LLM API Cost Breakdown: Claude, Gemini & OpenAI Compared

Every developer building with LLMs learns the same lesson sooner or later: your first cost estimate is wrong. Not because the per-token prices are hard to find, but because the number of tokens you actually send per request - once you factor in conversation history, context, retrieved documents, and system prompts - is much larger than the number of tokens in the user's message.

This guide breaks down the current API pricing for Anthropic (Claude), Google (Gemini), and OpenAI (GPT-4.1), covers the cost levers that actually move the needle in production, and - because it is the piece most pricing guides skip entirely - shows how your memory architecture determines whether your LLM costs are sustainable or not.

If you want to run the numbers on your own usage, Mem0's LLM cost calculator lets you model token costs across models and see the impact of memory-based context management on your actual bill.

What You Are Actually Paying For

Before the model comparison, it helps to be precise about what tokens cost.

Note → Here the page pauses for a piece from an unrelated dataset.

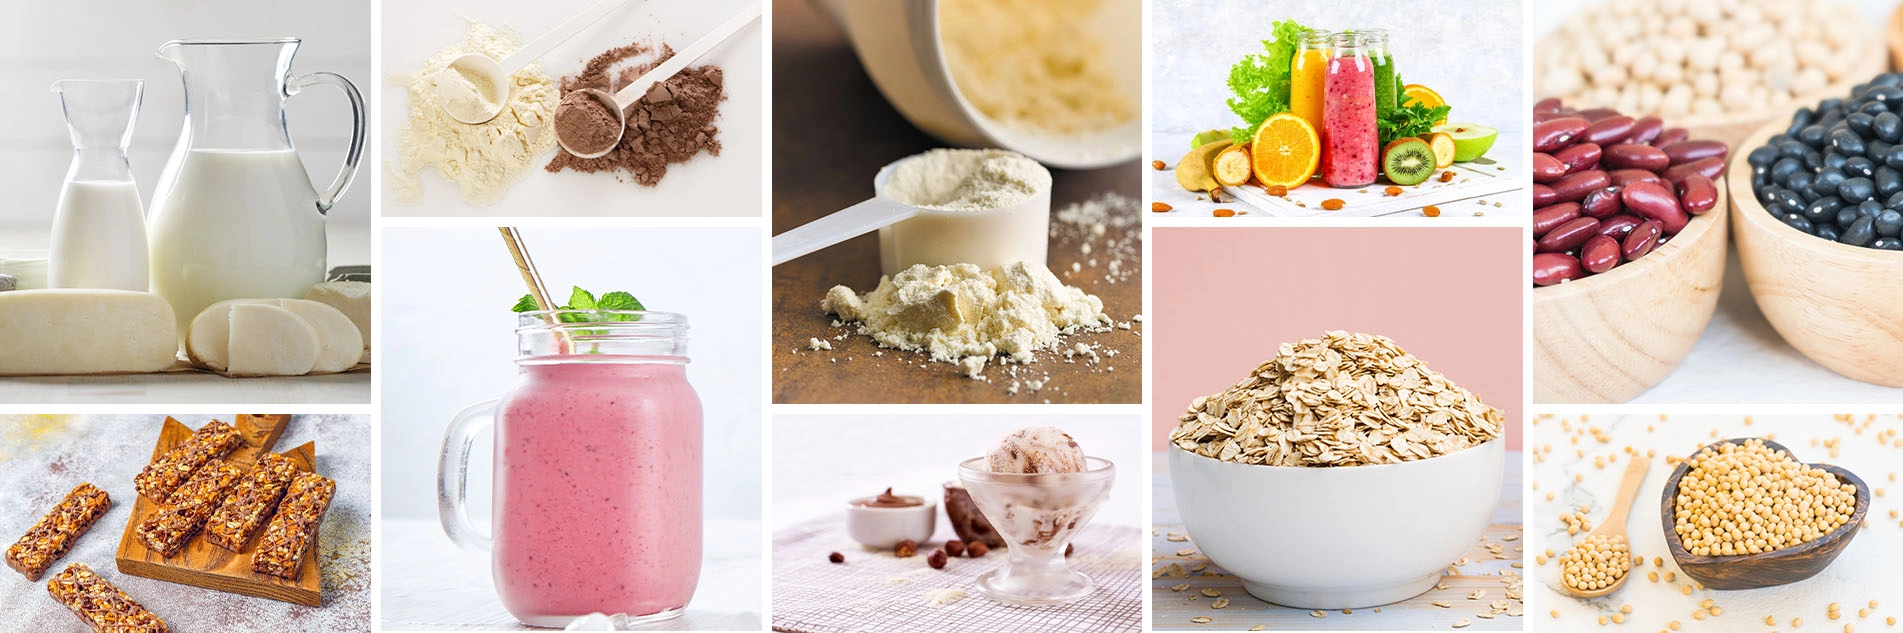 High protein food products and their importance in daily diet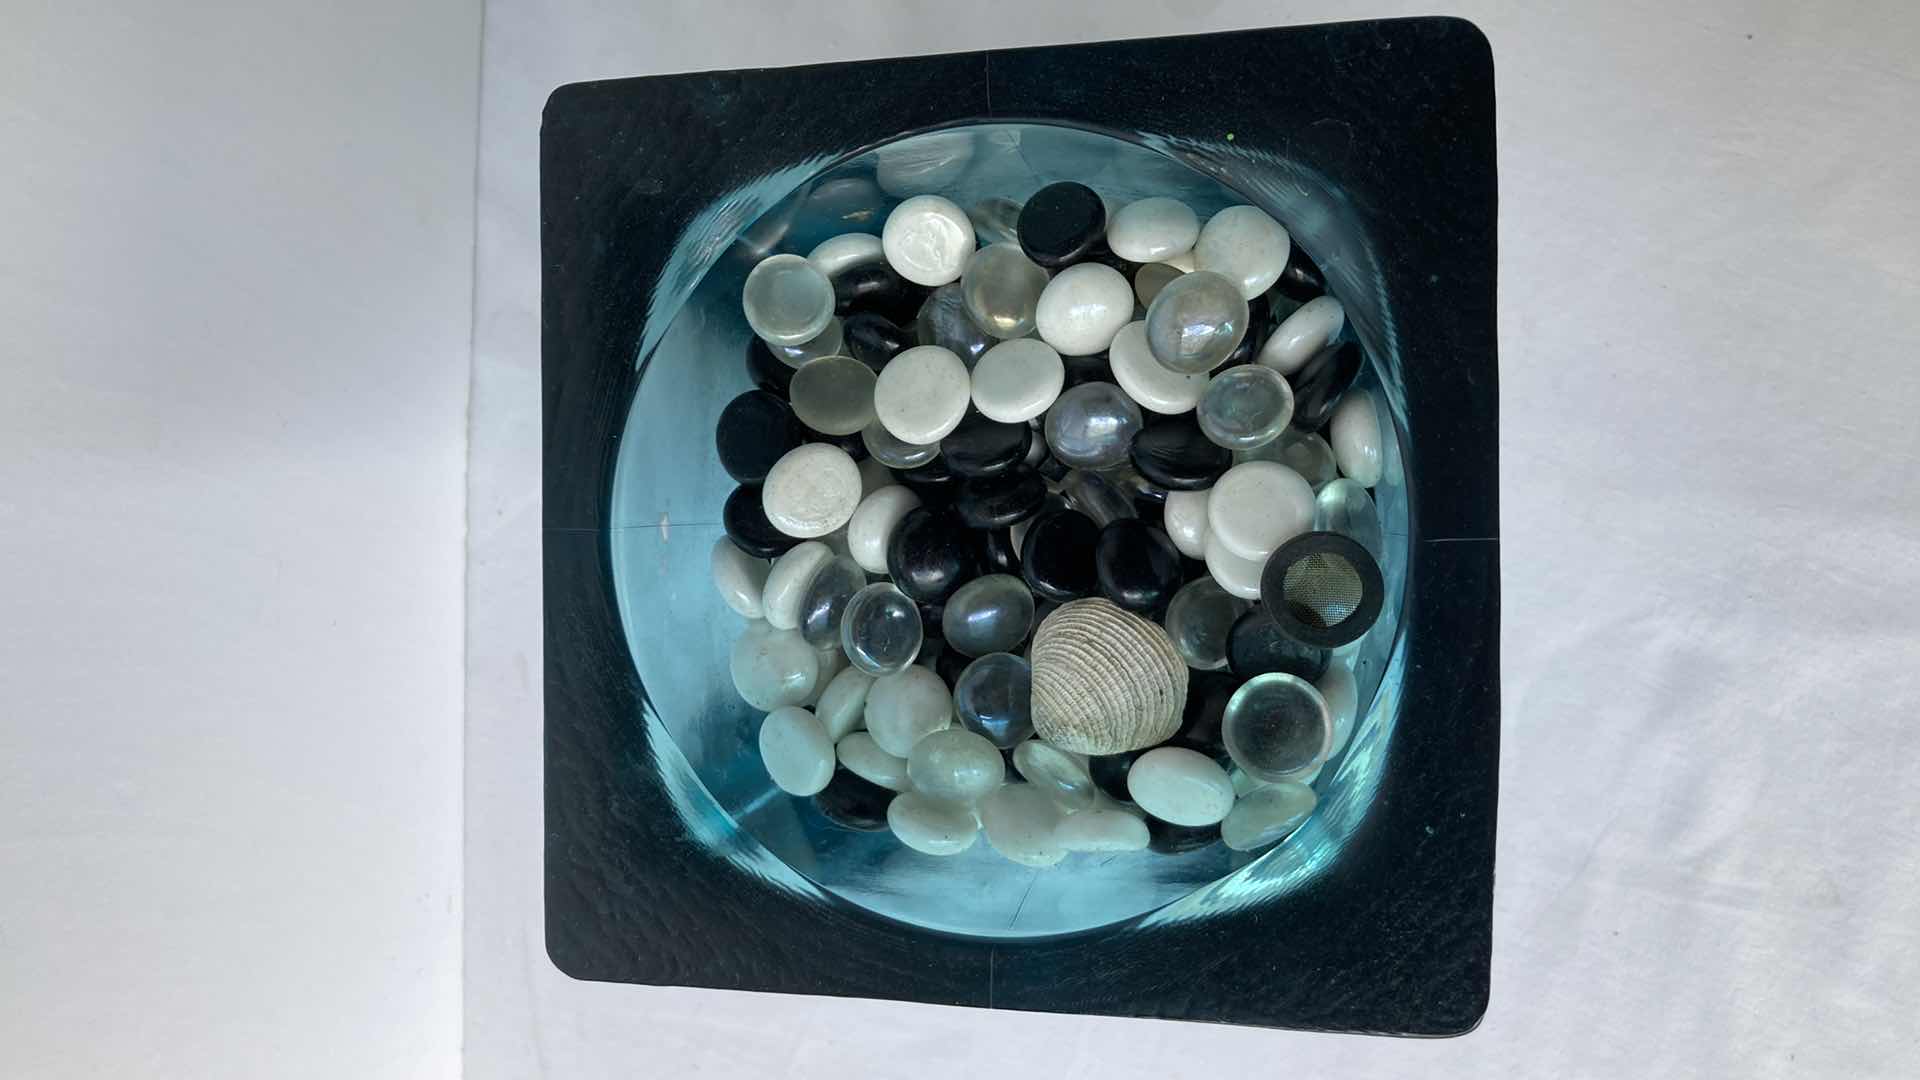 Photo 5 of TEAL CLEAR GLASS VASE W MARBLES 6.5” X 6.5” H11”

Every LLM API charges separately for input tokens (everything you send to the model: the system prompt, conversation history, retrieved context, user message) and output tokens (what the model generates). Input and output rates are different - usually output is 3 to 5 times more expensive per token because generation is computationally more intensive than processing.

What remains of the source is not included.